# How many times can I melt chocolate?



## karlat (Nov 7, 2001)

I'm doing lots of holiday candy and cookie baking and I've been dipping various goodies and I'm using a good quality chocolate. If I melt slow and don't add anything (flavor, butter, cream) how many times can a use the chocolate.


----------



## athenaeus (Jul 24, 2001)

I have never thought of melting the chocolate again!!

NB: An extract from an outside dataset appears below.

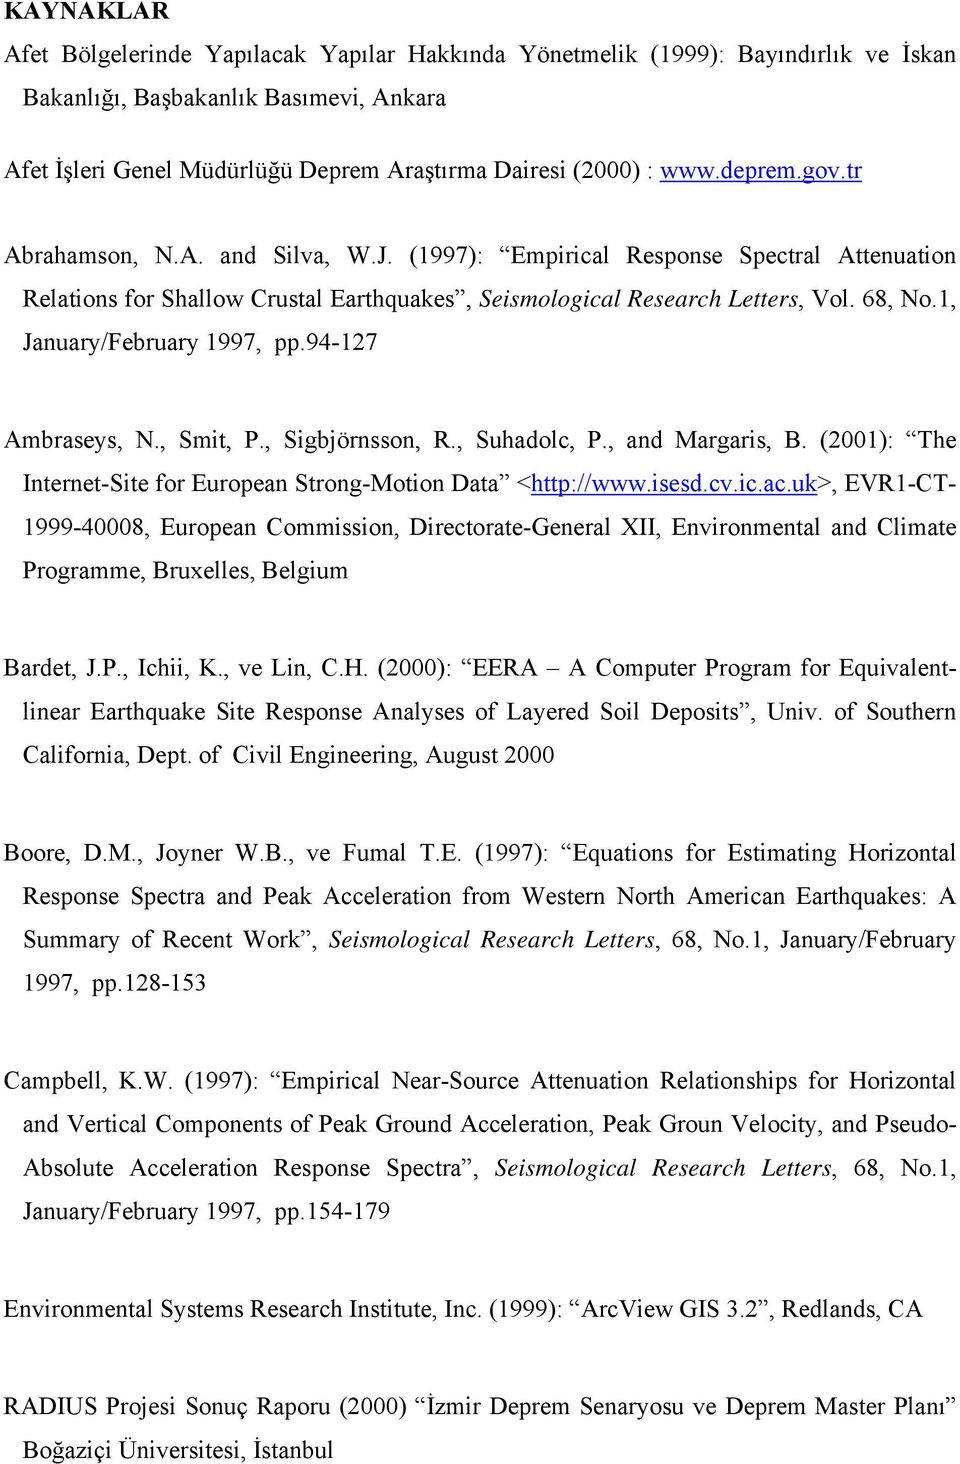 1, January/February 1997, pp.94-127 Ambraseys, N., Smit, P., Sigbjörnsson, R., Suhadolc, P., and Margaris, B. (2001): The Internet-Site for European Strong-Motion Data <http://www.isesd.cv.ic.ac.

I am waiting to find out if I am wrong on that !


----------



## chrose (Nov 20, 2000)

You can continue to remelt and temper chocolate several times. Reseed with fresh chocolate if possible. However this in not indefinite. For good coating and or tempering ideally I don't think you should do it more than 2-3 times. You can always reuse the chocolate to add to mousses, icings, baking etc. In that way you can continue to melt and reheat it several times. It will though break down eventually so don't try to stretch it too far!


----------



## karlat (Nov 7, 2001)

I had not thought to reuse even after I finished dipping!! What a great idea! :bounce:


----------



## thebighat (Feb 21, 2001)

Here's some info on chocolate, including how to tell when it's tired.....chocolate stuff


----------



## momoreg (Mar 4, 2000)

What's that link, TBH? I didn't get anything.


----------



## thebighat (Feb 21, 2001)

try it again. I forgot a directory in the url and had to edit it.


----------



## marmalady (Apr 19, 2001)

I don't reuse my leftover chocolate, but just make some simple 'bark' with the leftovers; for dark chocolate, just throw in some nuts, maybe some liqueur (SP?!); hazelnut and frangelico are my faves; spread it out on a parchment lined pan, and chill, then break into pieces. With white chocolate, i use dried cherries and a cherry flavoring for chocolate and almonds sprinkled on top. I did this a couple of years ago, when I way overestimated the amount of white chocolate I needed, and it turned out to be the hit of the season! My best compliment was from the French chef I was doing banquet work with!


----------



## m brown (May 29, 1999)

IF I HAVE CLEAN CHOCOLATE LEFTOVERS, I JUST ADD TO NEW THE NEXT DAY AND TEMPER AGAIN. 
MMMMMMM CHOCOLATE....................


----------